Quand il sortit de la prison, son premier reflex fut de trouver un moyen d'avoir des nouvelles de la guerre. Il trouva rapidement un crieur acceptant de lui indiquer où trouver un journal. Le papier dans les mains – une sensation qu'il n'avait jamais connu auparavant – il fut rassurer d'apprendre que la guerre contre Orazi avait finit par prendre fin, les pertes n'avaient pas été indiqué mais il se doutait que le chiffre était haut.

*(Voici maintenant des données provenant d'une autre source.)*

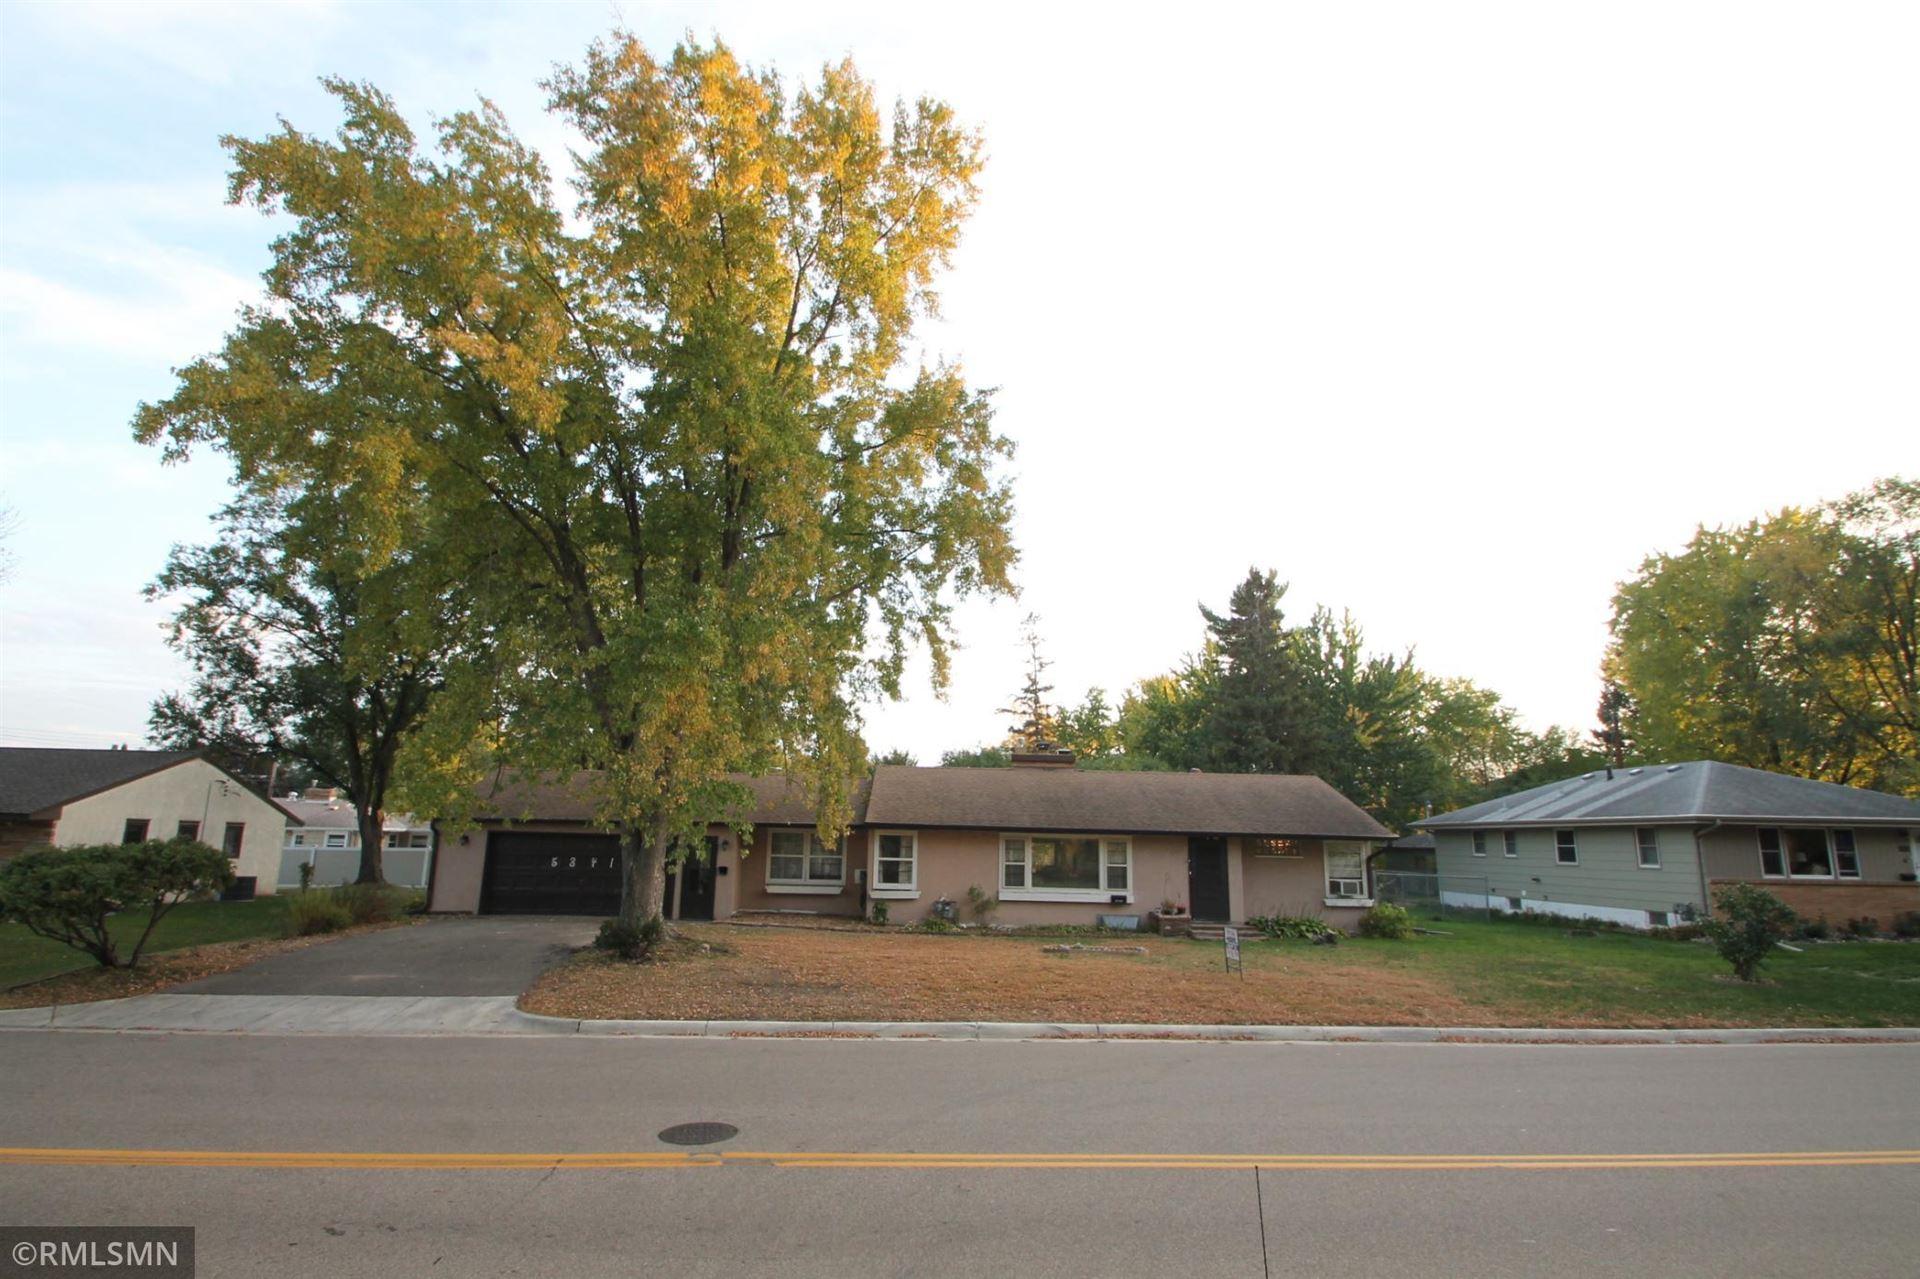 Photo of 5341 47th Avenue N, Robbinsdale, MN 55422 (MLS # 6103548)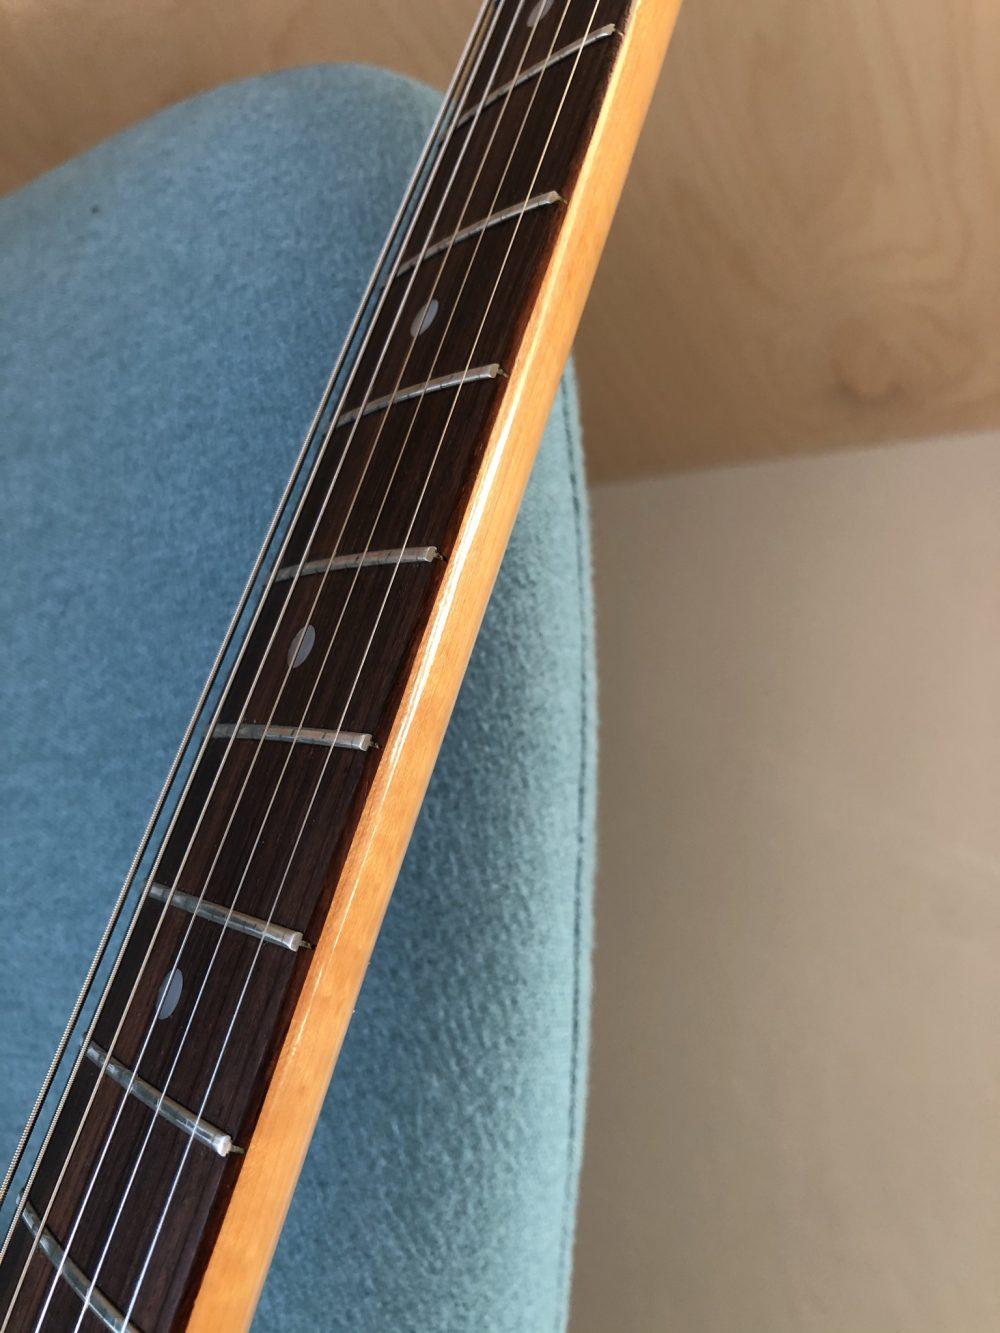 Photo contains vintage Japanese guitar: Fernandes FST Stratocaster

Une nouvelle le ravi beaucoup moins. Il fronça les sourcils alors que son regard glissait sur l'article mis en avant sur la page d'après: la guerre avait éclaté à la frontière des Terre d'Inlandsis. Les locaux parlaient d'une armée de dragon prêt à fondre sur Whitefall.

Non, Marcello n'était plus le même qu'il y a cinq ans. Il avait quelque peu perdu espoir en ce royaume qui l'avait vue naître et pour lequel il avait risqué sa vie. Soudainement il eu l'impression de comprendre Dario. Mais contrairement à la volonté de liberté de son frère, Marcello fuyait des obligations et surtout une honte gravé sur lui et dont il ne pourrait se débarrasser.